I knew of the Almeida Theatre mostly through my extensive lunchtime walks around Islington and I was looking for the opportunity to see something there when they duly obliged by putting on Uncle Vanya.
There is a risk that I might be coming something of a Chekhov completist but I have yet to find a good reason not to see a production of one of his plays and so I went to see this one. Besides, I had only seen Uncle Vanya once before and that was at the Arcola Theatre way back in May 2011. Since then there had also been the BBC drama production on radio but that only partially counts.
I did not know the inside of the theatre at all so I tried to play safe and went for the front row in the Circle where seat A18 cost me £38, the top price.
The seating was a little awkward as it was in benches of four people which meant that it was harder to get in and out of. It did not help that my bench was at a slight angle to the bench next to me as that reduced the limited legroom even more. I spent most of the evening touching other men's legs. The view was not brilliant either, though it was OK, and the lighting rig was less distracting when there was action on the stage to watch.
The stage was a black cube which made for a duller than usual picture, all you can really see is the rigging and some of the people downstairs.
This Uncle Vanya was almost an endurance test running for 200 minutes with, unusually, three 10 minute intervals. That is even longer than Scarface (170 minutes) and Wolf of Wall Street (180 minutes). The radio version of Uncle Vanya was 110 minutes.
The seating discouraged me from leaving at all, though I would have loved a beer or three, so I sat there for the full 200 minutes trying to keep my blood flowing to my feet.
A play that long was going to have some ups and downs and several parts of Vanya did not work for me. Some of the humour, such as the constant retuning of a guitar, seemed out of place. Some of the emotional heights were reached too quickly, especially in the first part, and what was probably meant to be reaction came across as over reaction. The stage slowly rotated which I hated in Streetcar Named Desire and which I hated here too. Vanya was renamed Jimmy for no apparent purpose and to no great effect. The ending was far too slow.
Fortunately there was much that did work, and worked very well.

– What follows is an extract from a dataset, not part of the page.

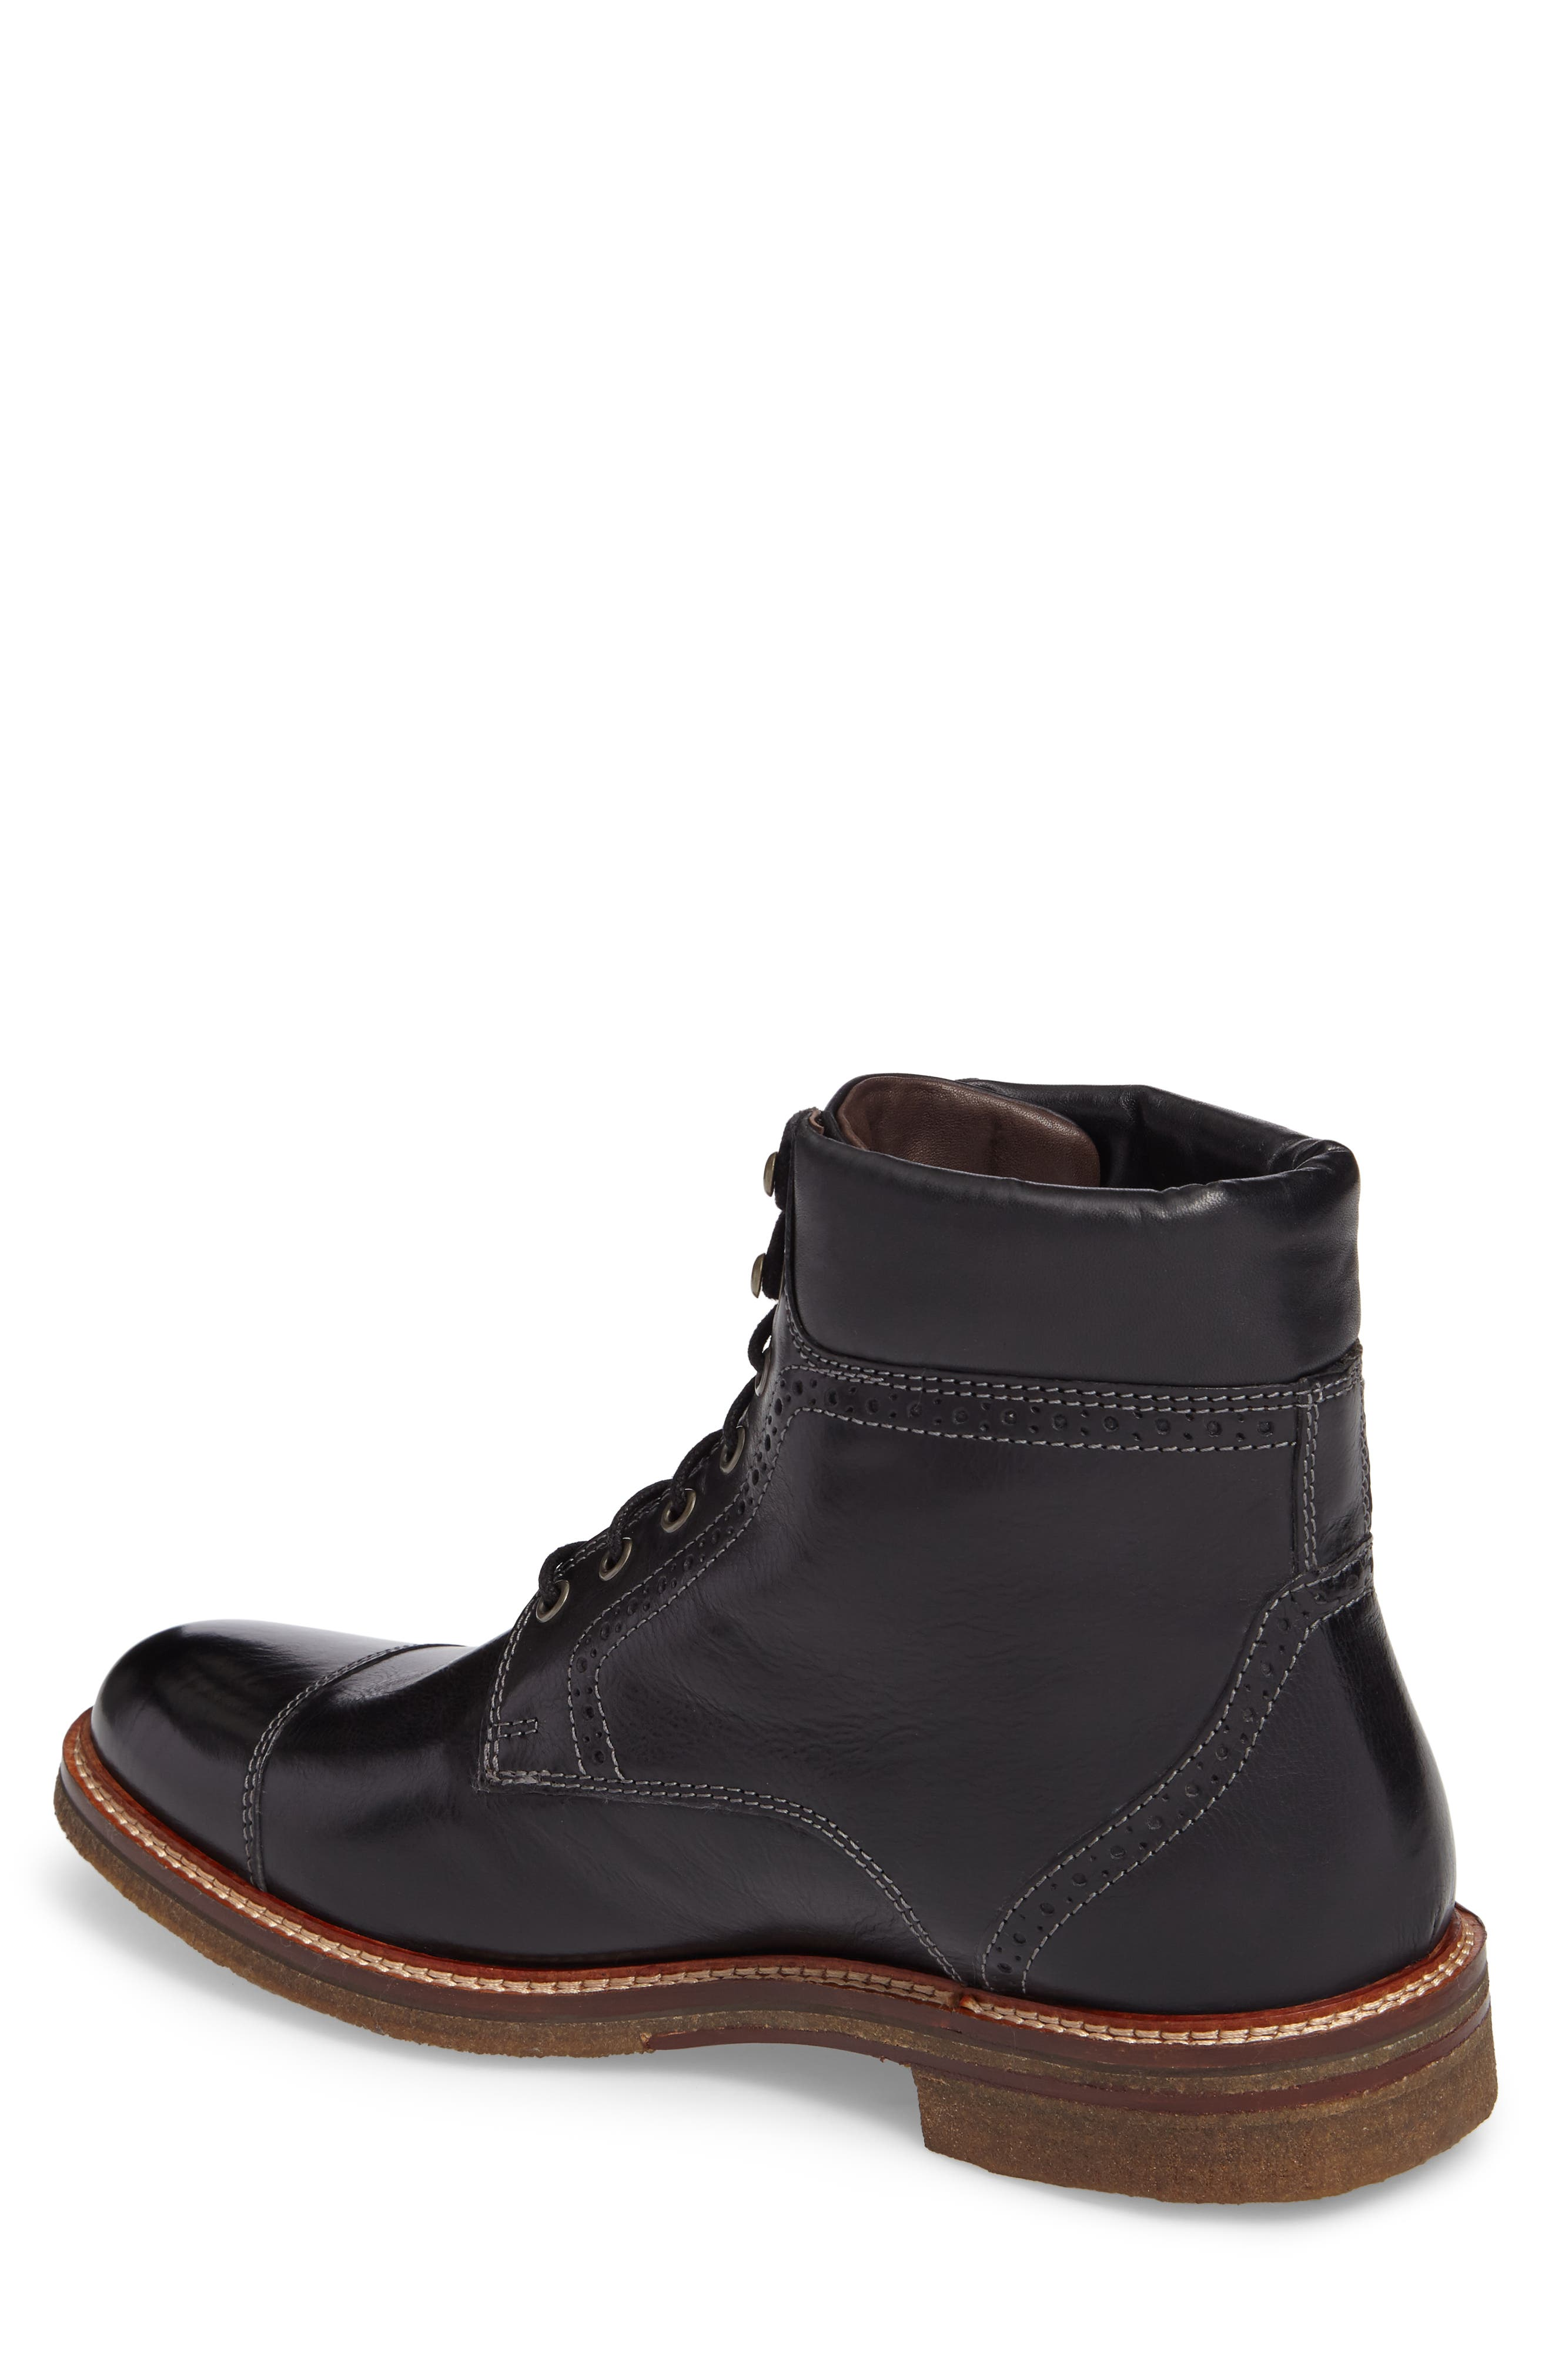 Forrester Cap Toe Boot,                             Alternate thumbnail 2, color,                             BLACK LEATHER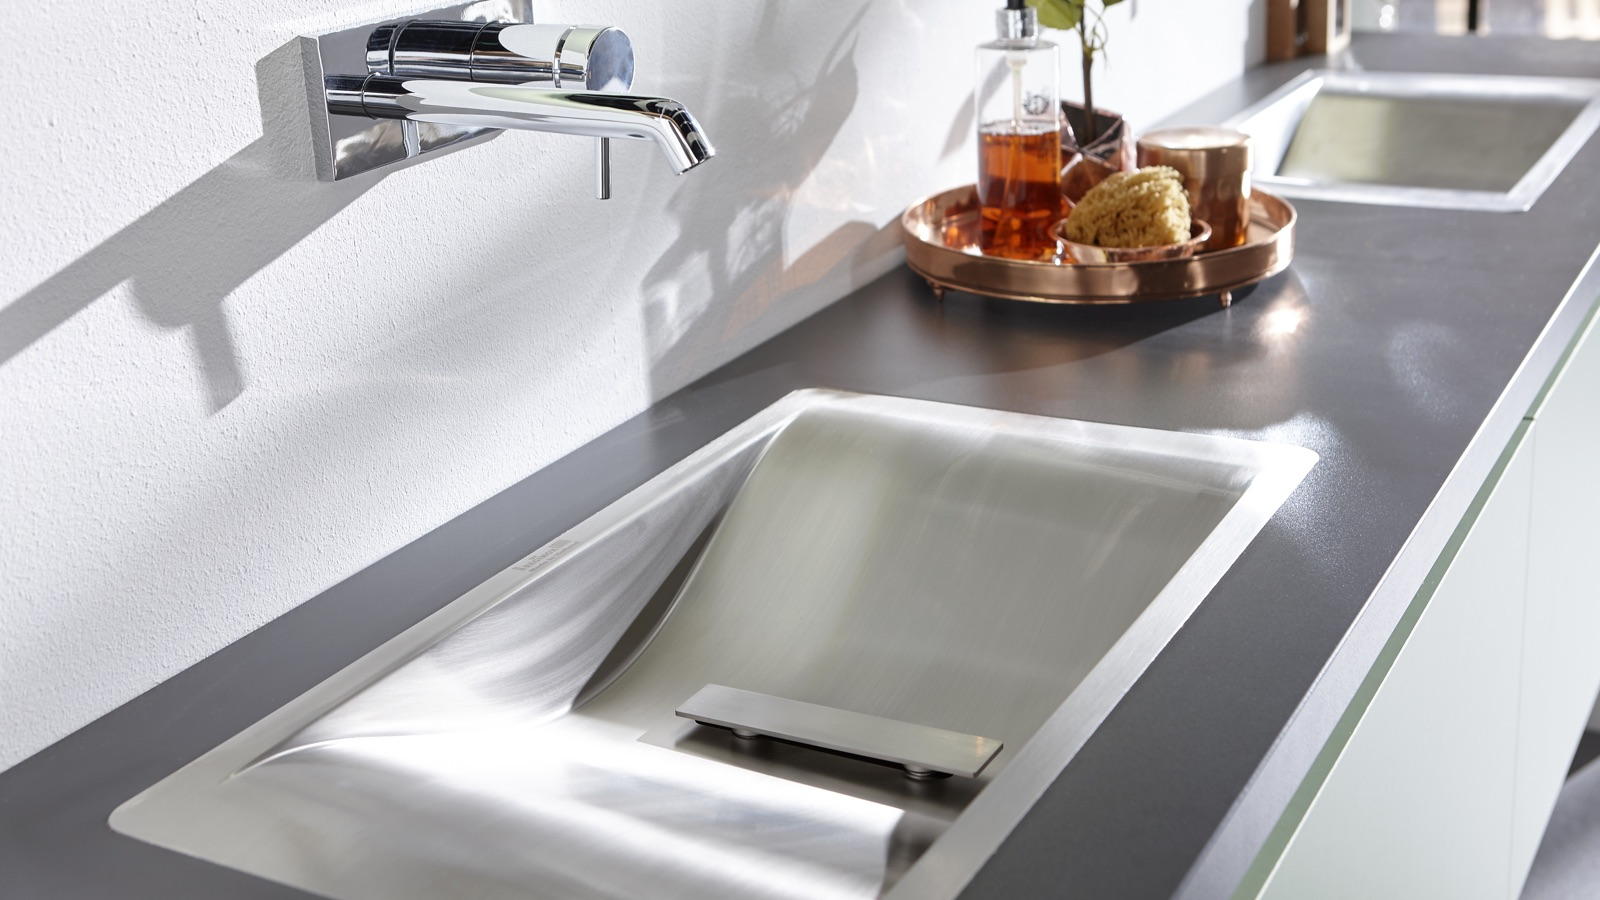 hr-kranen-wasbak-stijl-badkamer-mijnbad-in-stijl

The play revolved around three strong characters all played superbly. Paul Rhys as Vanya took most of the credits though, for me, he was outshone by Tobias Menzies as the doctor, being in Game of Thrones probably helped here, and my star of the show was Vanessa Kirby as the young married woman, Elena, who they both fancied. It was only afterwards that I realised that I had seen her, and had loved her, before in another Chekhov, Three Sisters at the Young Vic. She was the vivacious centre of the story and beautiful with it, which made the three men's desire for her completely believable.
At some point they sung Lust for Life which seemed entirely appropriate and that idea may also have been borrowed from Three Sisters.
One of the techniques used that I thought worked well was that each of the main characters spoke directly to the audience at some point and, to reinforce that that was different from the main play, they stood down from the stage to do so.
I found Uncle Vanya to be something of a curate's egg but with enough good bits in it to keep me enthralled and entertained. I will continue to see Chekhov plays but am less sure about going back to the awkward Almeida.